Почетным гостем Вечера любви фестиваля «Юрмала. Лайма. Рандеву» стал Андрей Макаревич без «Машины времени», который рассказал порталу Delfi о своем многолетнем восхищении Лаймой Вайкуле и причине хорошего настроения в «эпоху большой нелюбви».
Познакомились Андрей и Лайма в советское время. «Машинисты» тогда давали концерт в Риге, а после поехали на гремевшую по всему Союзу программу варьете в «Юрас перле», где Лайма работала со своей командой.
«Уровень этого варьете нас просто срубил — это были такие музыканты, костюмы, пластика, пение… — признался Макаревич. — Потом нас представили друг другу. Я говорю Лайме: вам надо на большую сцену! А она: спасибо, что нас отсюда не выгнали. Впрочем, мы тоже тогда висели на волоске. Так что были на равных».
Музыкант признался, что на сцене «Дзинтари» «немного нервничал, потому что к своей команде привык, чувствуешь ее, а оркестр и звучит немного по-другому, и мелодика другая». Но по его мнению, все на этот раз получилось. Чем подтверждение — реакция публики, которая хором подпевала песне «про изменчивый мир», под который «не стоит прогибаться».

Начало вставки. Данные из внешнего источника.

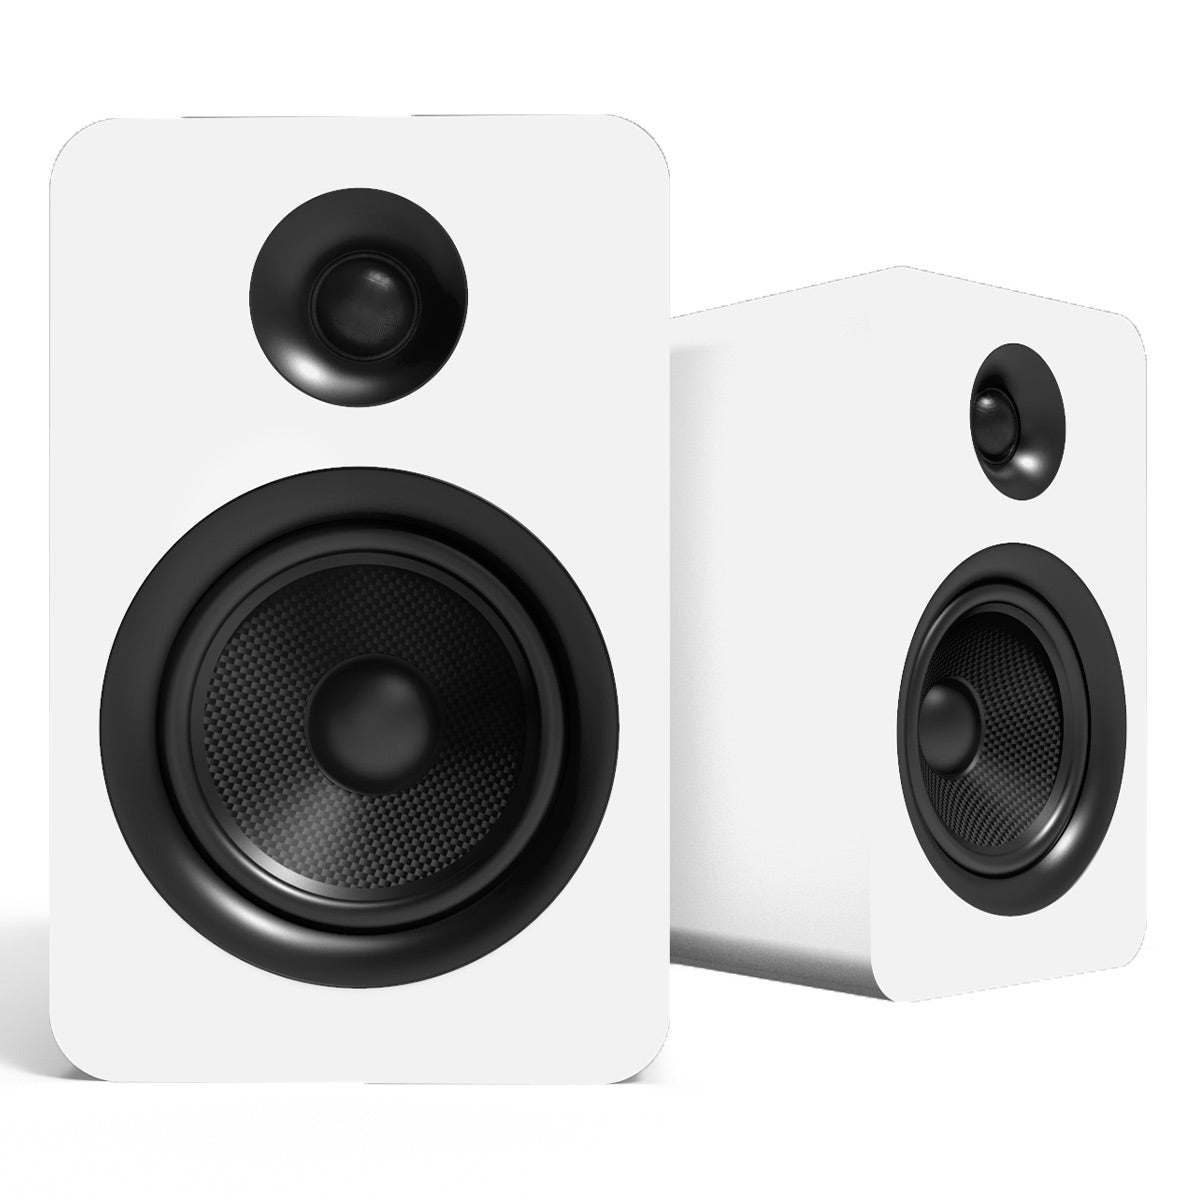 Kanto YUP6 Passive Bookshelf Speakers with 1" Silk Dome Tweeter and 5.25" Kevlar Woofer - Pair (White)

Только что артист выпустил джазовый альбом «Эпоха большой нелюбви», в который вошли девять «машинных» и сольных старых песен в новой обработке и особом исполнении. «Эти песни были написаны так давно, что публика их забыла, — рассказал он. — Но мне чуждо чувство ностальгии — оно слишком непродуктивно. Это для людей, кому делать нечего, а у меня слишком много работы. Просто мне вдруг показалось, что эти композиции вновь стали актуальны, обрели даже новые смыслы, а в новой джазовой пульсации это получились другие песни».
Несмотря на такую «нелюбовь» вокруг Макаревич считает очень закономерным, что Лайма пригласила его именно на Вечер любви: «У меня все песни — про любовь. Даже „Эпоха большой нелюбви“ — это песня про любовь, которой не хватает».
Макаревич не скрывал восторга тем как Лайме удается оставаться над политикой и соединять в своем фестивале тех, кто в другом месте и на другом мероприятии давно несоединимы. Музыкант признался, что самому ему «не всегда удается, как Лайме, забыть о политике и думать о творчестве». И обещал стараться.